Along the road just south of Redmond we visited the Petersen Rock Garden just because we could. For sixty years it has stood as a mind-numbing four acre collection of self-made tributes to the ambitious eccentricity of a Danish immigrant named Rasmus Petersen, who picked up a couple of rocks one day and decided that building miniature cities out of small stones was his divine purpose on Earth.

Scoff if you will, most of us never figure out why we're here.

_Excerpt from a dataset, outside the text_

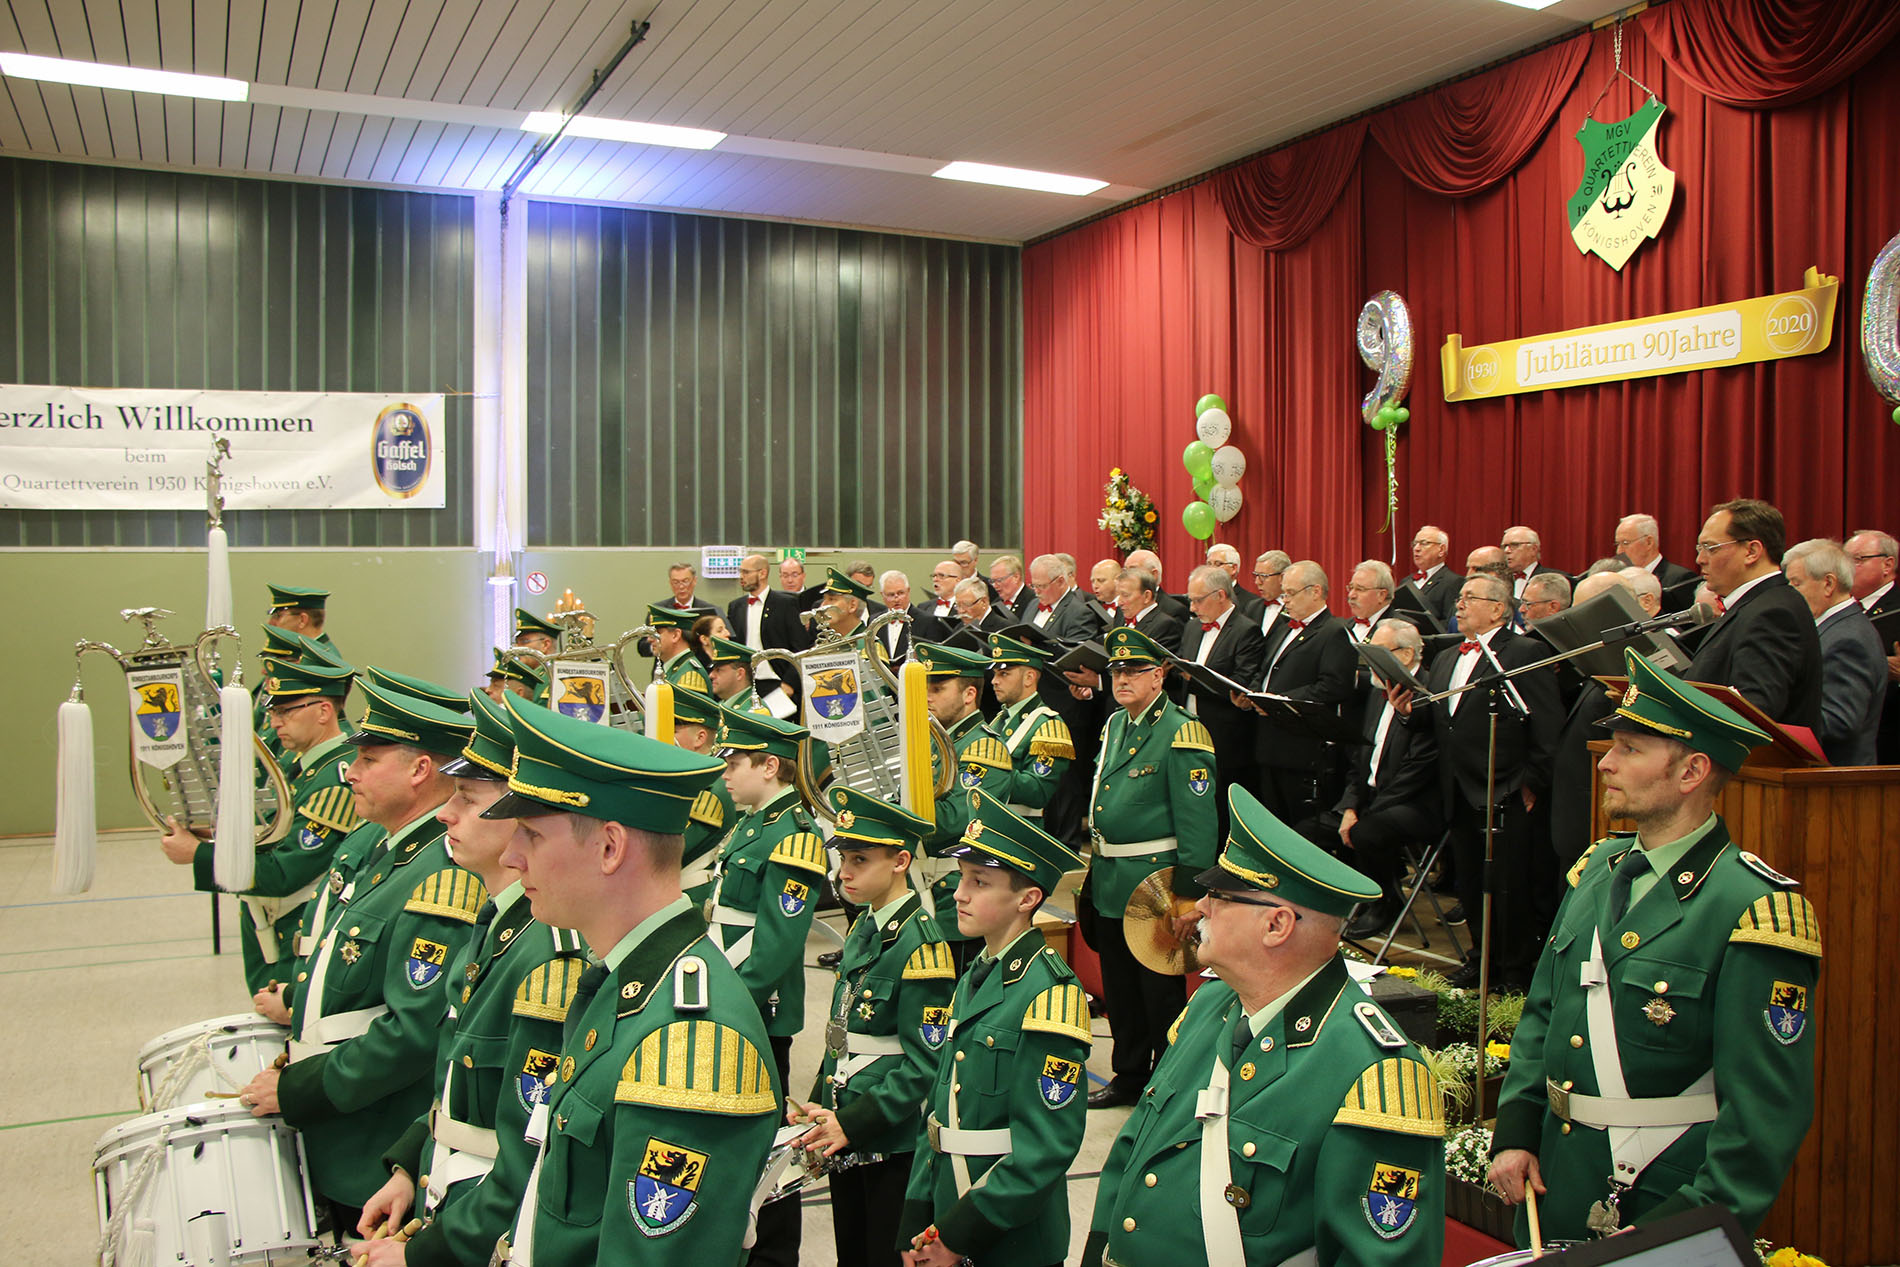 Zu den Marschklängen des befreundeten Bundestambourkorps 1911 Königshoven sang der Quartettverein den "Fliegermarsch".

Few have the dedication to spend a lifetime stacking rocks upon rocks, ending each day knowing our prescribed day's work has been well done.

A few miles farther north brought us to Shaniko, an old West town that sprang up during the 1860s.

Originally called Cross Hollow it was renamed after the town's postmaster, August Scherneckau, who must have been a swell guy to receive such an honor but the locals apparently (and reasonably) decided trying to learn to spell his name properly was too much to ask of anybody.

 
But here's the best thing about road trips:

Some of the most awe-inspiring sights you stumble across have no explanation, no real purpose, indeed no reason whatsoever for existing except that they do.

This tree, for example...

We came upon it unexpectedly. Without fanfare, announcement; with no roadside glorification plaque nor explanation it just sits there, adorned with hundreds of shoes passersby felt compelled to deposit in its branches.

There's a wonderful story here but I can't find it.

And for some reason that makes it all the more wonderful.